## [Work instruction]
Could you retype the lines below, starting at the line holding "Semi formal wedding" and stopping at the line holding "Orient Bay and", inclusive? Copy them exactly and drop the images.

═══ Data supplied

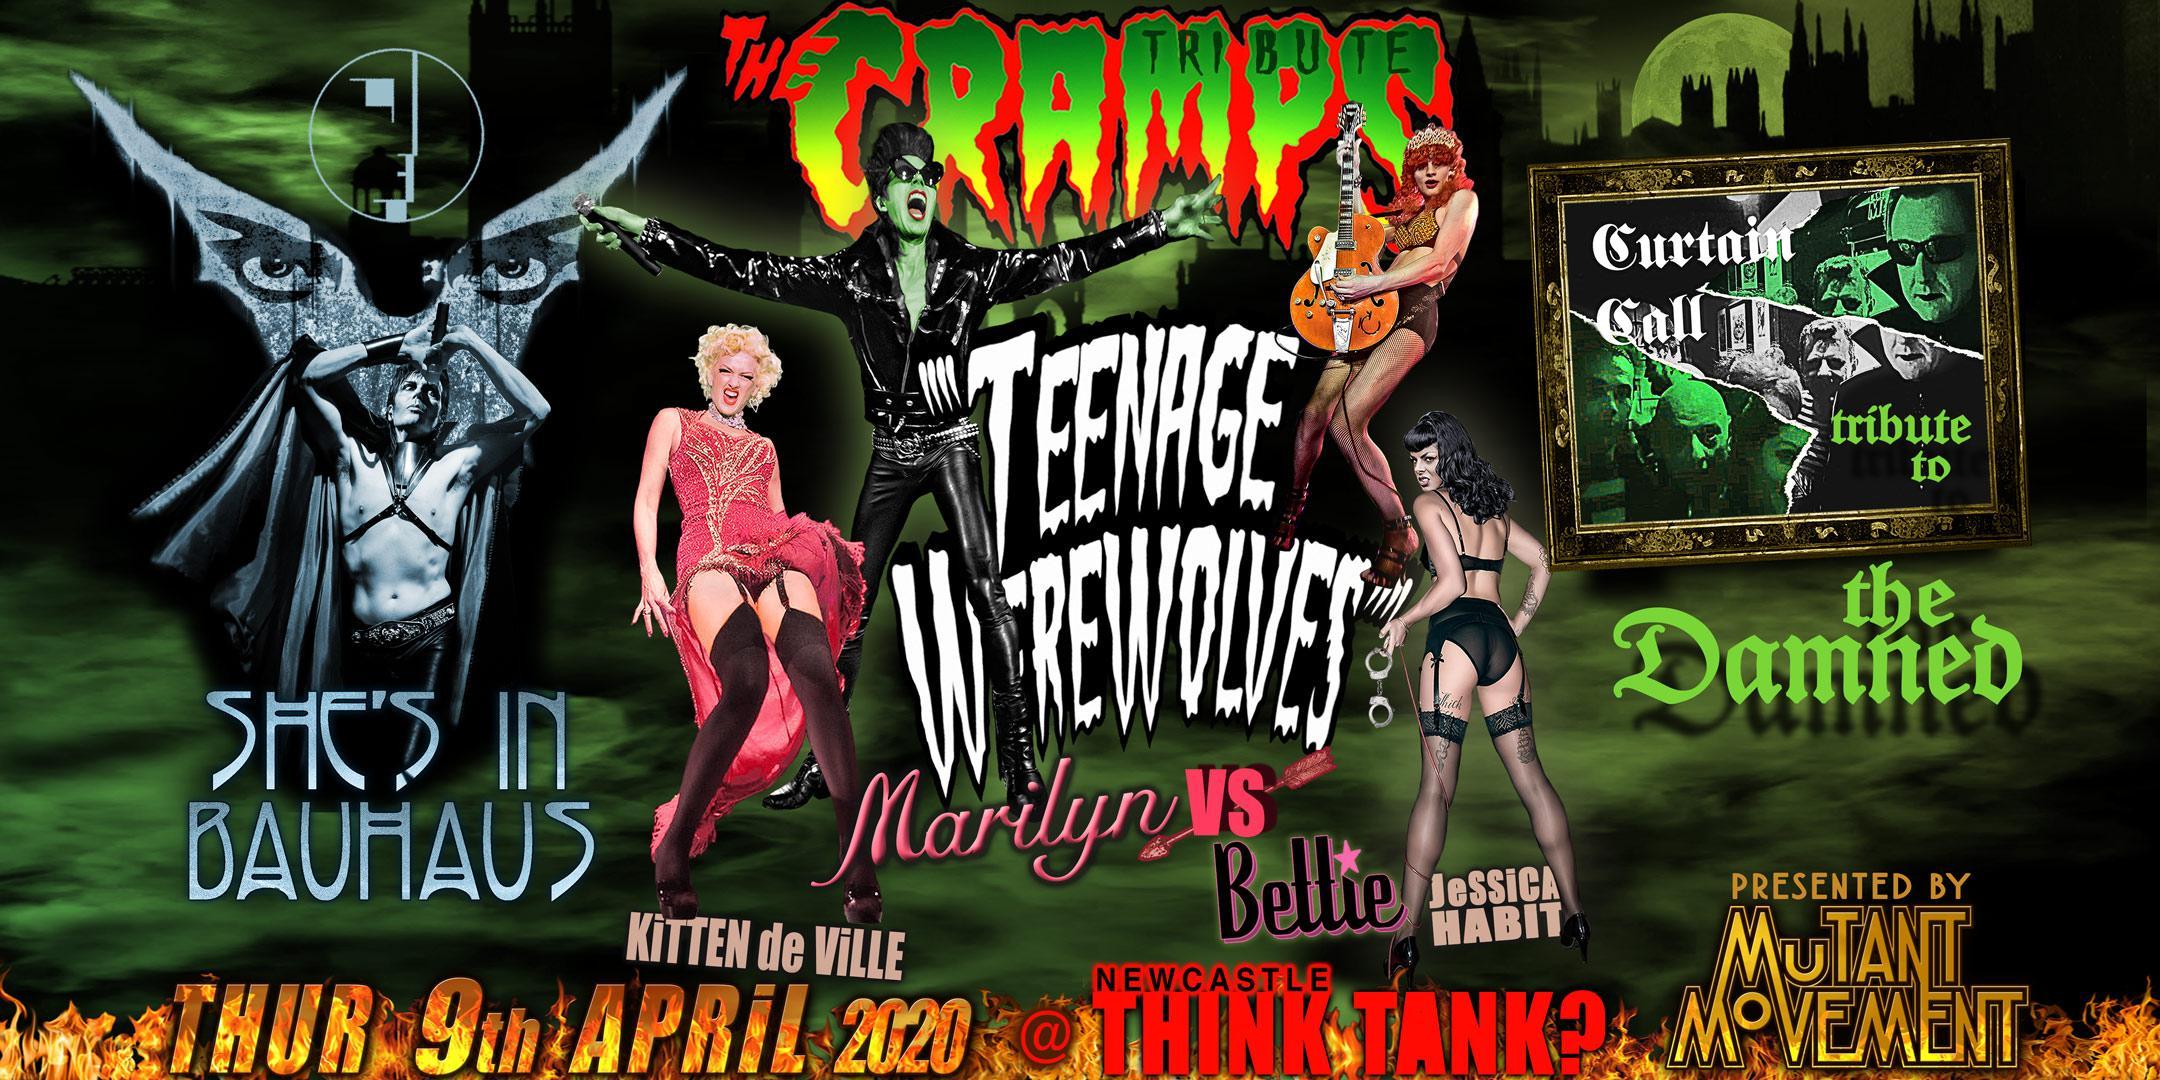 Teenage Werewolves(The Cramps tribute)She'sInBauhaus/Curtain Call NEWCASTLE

══════
═══ Data supplied

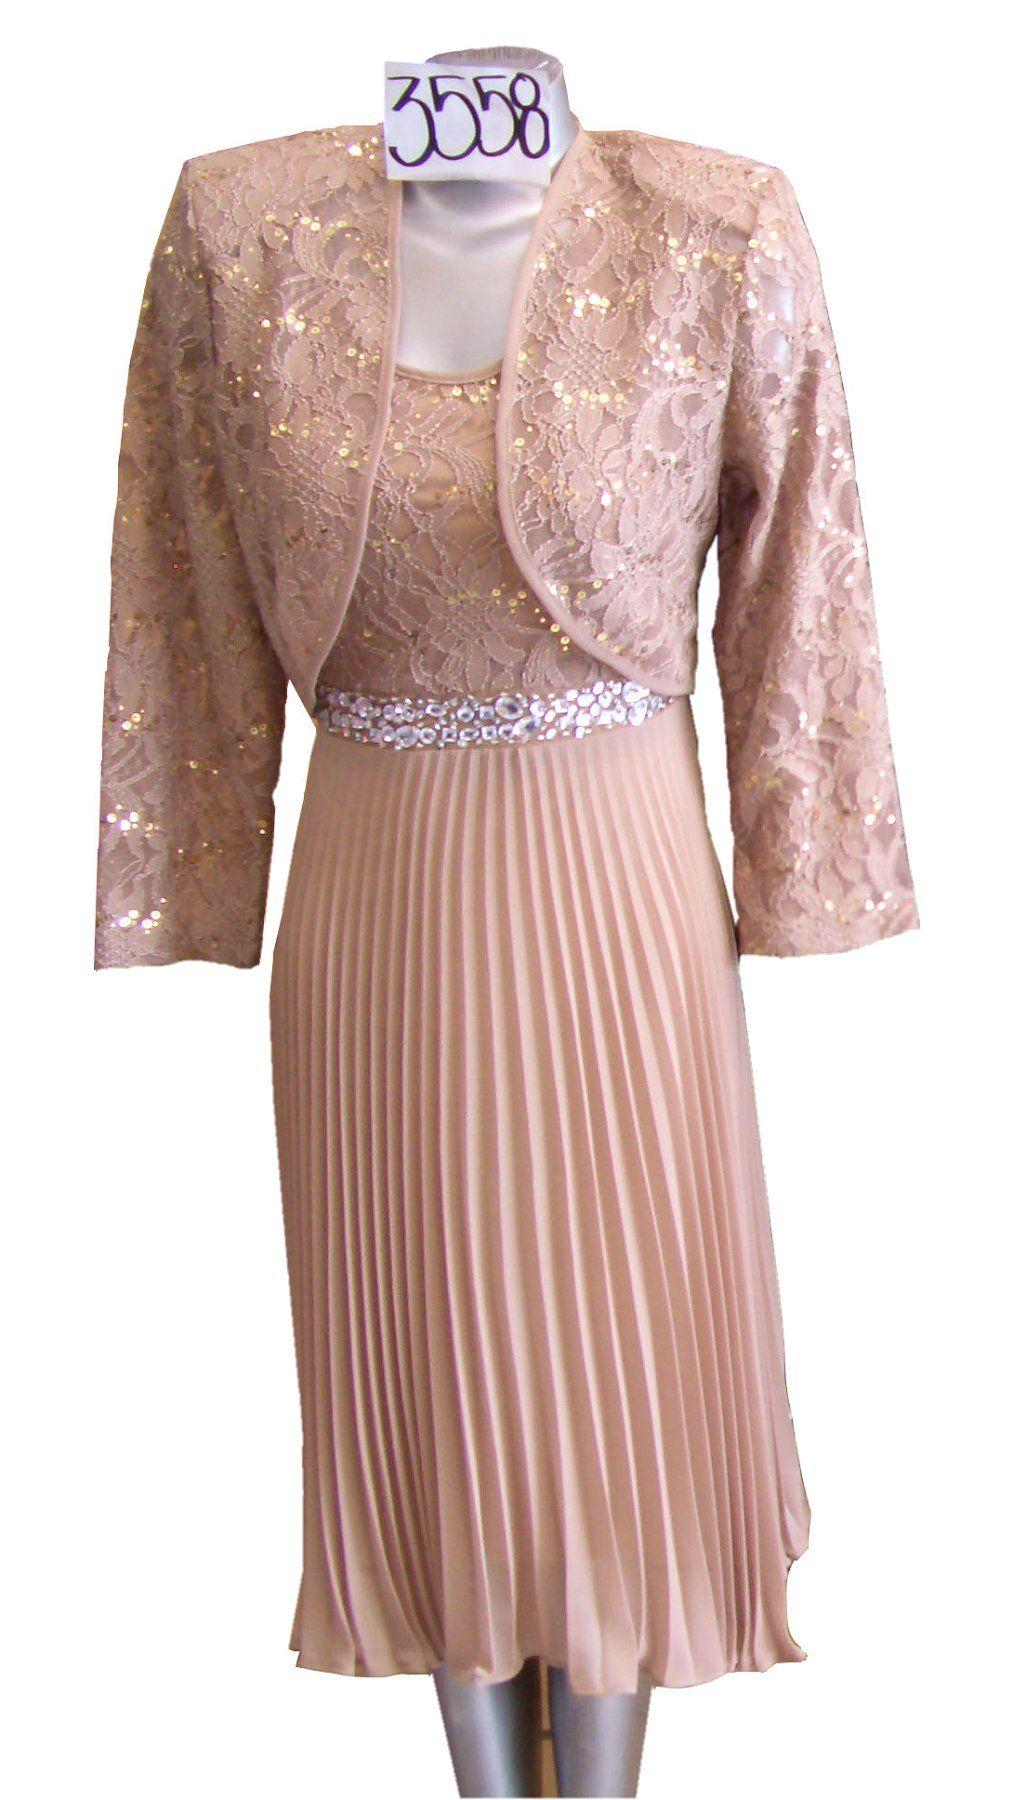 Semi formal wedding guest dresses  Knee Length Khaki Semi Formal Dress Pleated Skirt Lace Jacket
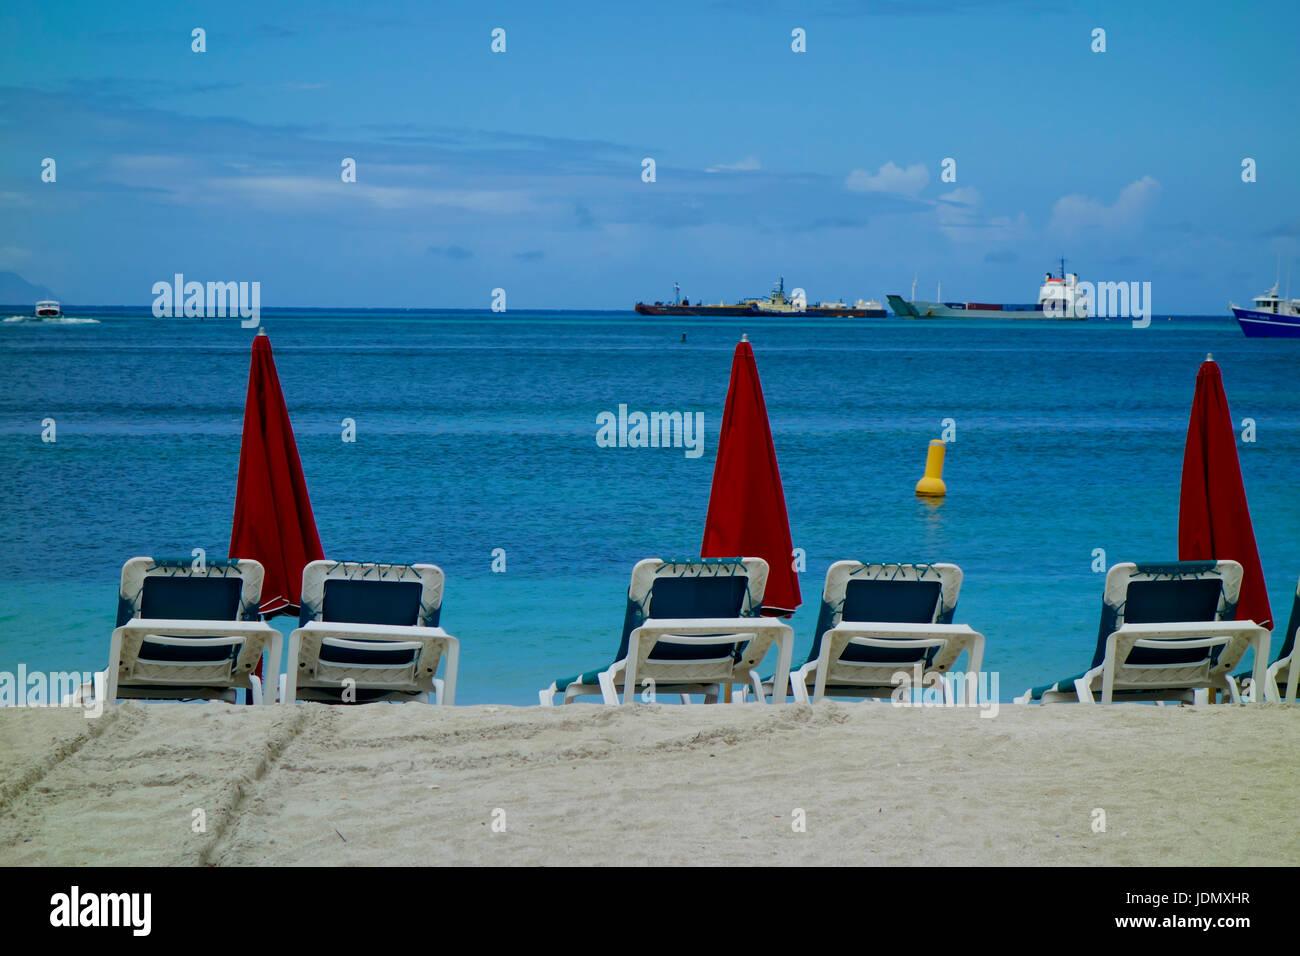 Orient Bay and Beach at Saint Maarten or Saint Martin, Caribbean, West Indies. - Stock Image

══════

## [Solved exercise]
 Semi formal wedding guest dresses  Knee Length Khaki Semi Formal Dress Pleated Skirt Lace Jacket
 Orient Bay and Beach at Saint Maarten or Saint Martin, Caribbean, West Indies. - Stock Image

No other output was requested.